Il est tout aussi impossible de répondre à la multitude de questions environnementales, sociales et de gouvernance qui résultent du Covid-19, alors même que les débats ne font que commencer. On peut dès maintenant s’interroger sur le fait de savoir si le Covid-19 va avoir pour effet d’accélérer ou de ralentir les progrès et l’attention à l’égard des différents éléments constitutifs de l’ESG.
Environnement : toujours au cœur des préoccupations
Avant le Covid-19, l’Autorité européenne des assurances et des pensions professionnelles (AEAPP) avait déjà les risques ESG dans sa ligne de mire - une façon « matérialiser » la durabilité [1]. La pandémie a intensifié la surveillance.
« Le Covid-19 démontre combien un sujet sanitaire et environnemental peut devenir un problème social profond, entraînant de véritables défis en matière de gouvernance pour les entreprises et les pays » indique Steve Waygood, Directeur de l’Investissement responsable d’Aviva Investors. « Il montre comment de tels défis ne respectent en rien les frontières nationales. C’est un test de résistance ESG pour l’économie mondiale ».
Les origines du Covid-19 font l’objet d’un débat acharné ; il fait partie d’un groupe grandissant de maladies zoonotiques (celles transmissibles entre l’animal et l’homme) qui sont la conséquence des contacts étroits des humains avec d’autres formes de vie.

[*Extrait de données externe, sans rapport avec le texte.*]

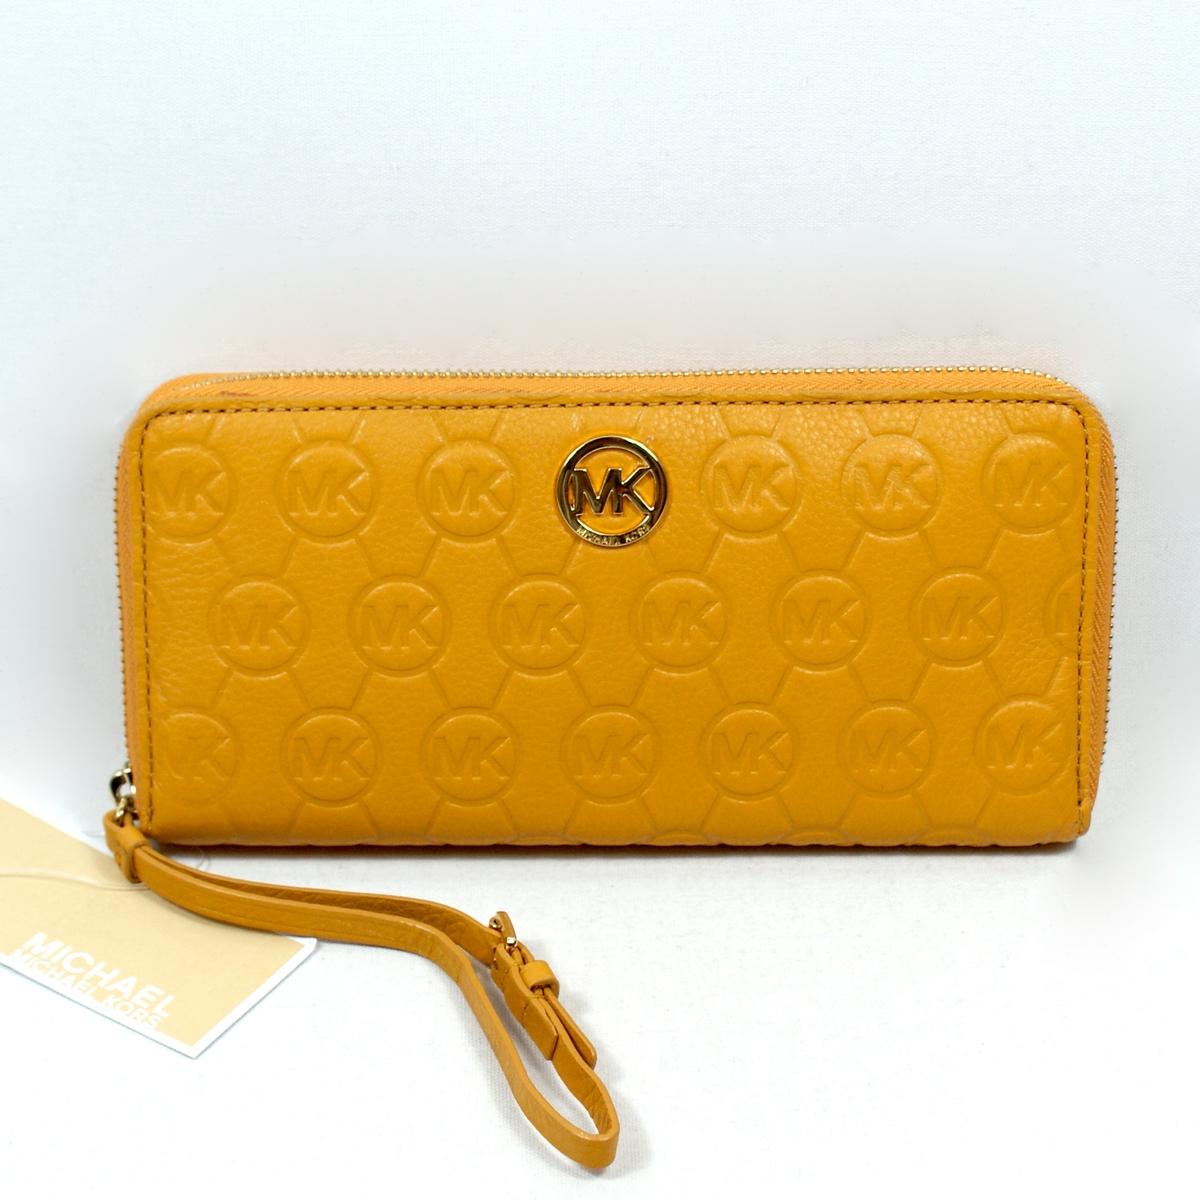 marigold michael kors wallet

« L’incursion incessante de systèmes humains dans le reste du monde naturel nous conduits à être en contact toujours plus étroit avec des animaux sauvages et, de ce fait, avec les virus et les maladies qu’ils peuvent véhiculer », explique Rick Stathers, analyste ESG senior et spécialiste du climat chez Aviva Investors. « Mais, avec seulement 23 % de la surface terrestre restant à l’état sauvage et seulement 5 % de la biomasse animale étant sauvage (95 % est constituée d’humains ou d’animaux domestiqués), ces espèces ont de moins en moins d’endroits où aller ».
Durant la première phase de la réponse au Covid-19, peu de gouvernements ont saisi l’opportunité de s’orienter immédiatement vers une reprise plus verte. La première vague a consisté en des mesures de soutien pour les secteurs à forte intensité carbone. « Les gouvernements doivent veiller à ce que nous reconstruisions mieux à partir de cette crise », précise Steve Waygood. « Par exemple, secourir des secteurs gros consommateurs d’énergie tels que le pétrole et le gaz, l’automobile, la chimie et le transport aérien devrait être subordonné à l’assurance d’un engagement en faveur d’une transition vers un avenir moins pollué par les émissions carbone ».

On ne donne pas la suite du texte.